Nohora la mujer de Andrés, así se presentaba a la gente en la calle, era vieja guardia en el parche de la vida y sólo cargaba con diez y siete añitos encima, era menuda, pequeñita, decía que el bazuco estaba acabando con sus encantos y al mismo tiempo que lo decía se cogía sus pechos menudos y su tierno trasero, pero hacía poco para remediarlo. Sus ojos eran del tamaño del gato que sacrificaron con Andrés y el cuesco del Alex, y cuando estaba muy trabada, pacheca, turca o torcida se parecía al gato Garfield.
Desde pequeñita había preferido rodar por las calles con su parche de amigos, rebuscársela en los diferentes negocios que ofrece la calle y guerrearla a ser una manteca, ella solía decir que no servía para andar sirviendo en casa de ricos, que prefería camellarla con la baretica y el incienso, que a un paco de mil del cartucho le sacaba hasta diez lucas acá en el centro y que ahora que ya no metía tanto bazuco estaba mejor, un poco más gordita.
3
Andrés el marido de Nohora estaba encanado hacía un par de días, lo iban a trasladar a la cárcel Modelo de Bogotá, a Nohora eso le preocupaba un resto, ella sabía que allá adentro seguro que a su Andrés se lo comían, por más alcanfor que le echaran a la comida, en cualquier descuidito lleve mi hermano: se lo comían. Como a cualquier César Garvinba.

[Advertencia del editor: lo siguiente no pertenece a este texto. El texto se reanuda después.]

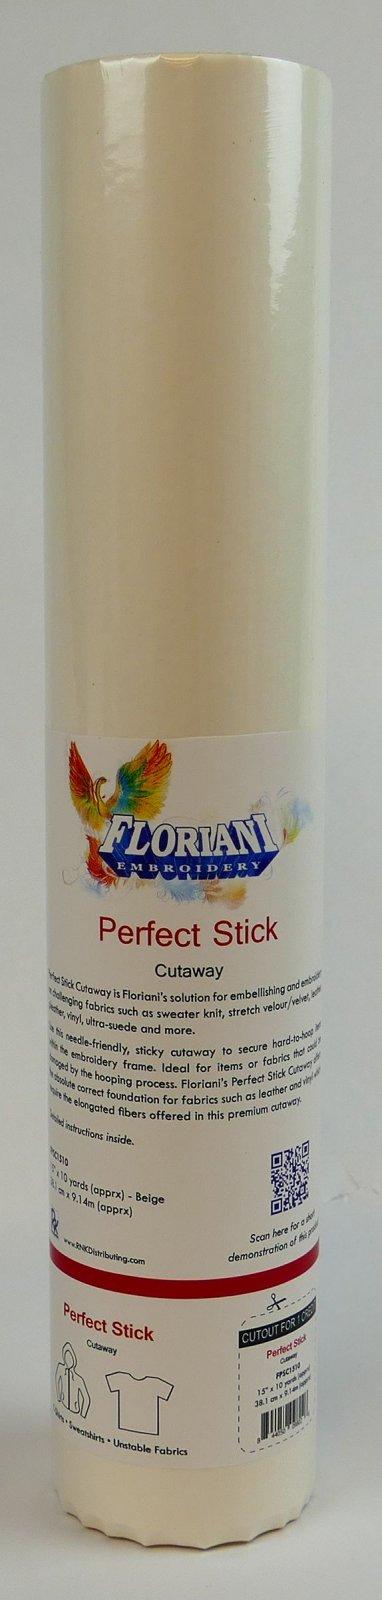 Floriani Perfect Stick Cutaway15 x 10 yards

Nohora trataba de visitarlo todos los días, le llevaba bocadillos y ropa limpia y se llevaba la ropa sucia y la agonía. No sabía porque seguía con él después de tanto tiempo, no sabía si era amor, costumbre, apego, o era ya como parte de la vida, algo así como el apego que le tenía al sukito, a la pavorosa irrealidad de unas bichas, a la pipa, a esos plones que se le anidaban en el fondo de la cabeza y le hacían perder la noción del tiempo y el entorno, a la pipa con ceniza: carros. Días y días corriendo a la velocidad de semejantes aparatos, fumando chirretes de bazuco en cualquier rincón del cartucho, entre la basura, el miedo y las bichas.

4
La calle ahora se ha vuelto más peligrosa, una mañana, Nohora regresaba a regañadientas en sí, después de una noche de chirretes, regateo y excesos. Afuera todos corrían de un lado para otro, ñeras y ñeros corrían como locos, arrastraban sus mugres y sus cobijas, gritaban, aullaban, caían, la adrenalina se respiraba también en el ambiente, unas motos y una camioneta de vidrios negros estaban "haciendo limpieza", disparaban a lo loco, y al loco, a lo que se moviera, a lo que corriera. Nohorita no entendía, no recordaba, sus manos aún sostenían la pipa medio destruida y sus ojos no regresaban del todo a esta realidad. En medio de tanto ruido podía escuchar, como un tambor gigante, el palpitar de su estrepitoso corazón, corría con todas sus fuerzas y le parecía que la moto o la maldita camioneta ya la alcanzaban. El olor a pólvora y a carne quemada empezó a inundar las calles del sector. Mientras Nohorita corría desesperada para salvar su vida pudo ver como caían sus conocidos: ignacito el niño más pepero de la ele, el siete muertos, cliente de cinco huecos, y Marta, su Martica, compañera de tantas aventuras rodó por el suelo con su pequeño bebé ensangrentado colgado de sus brazos.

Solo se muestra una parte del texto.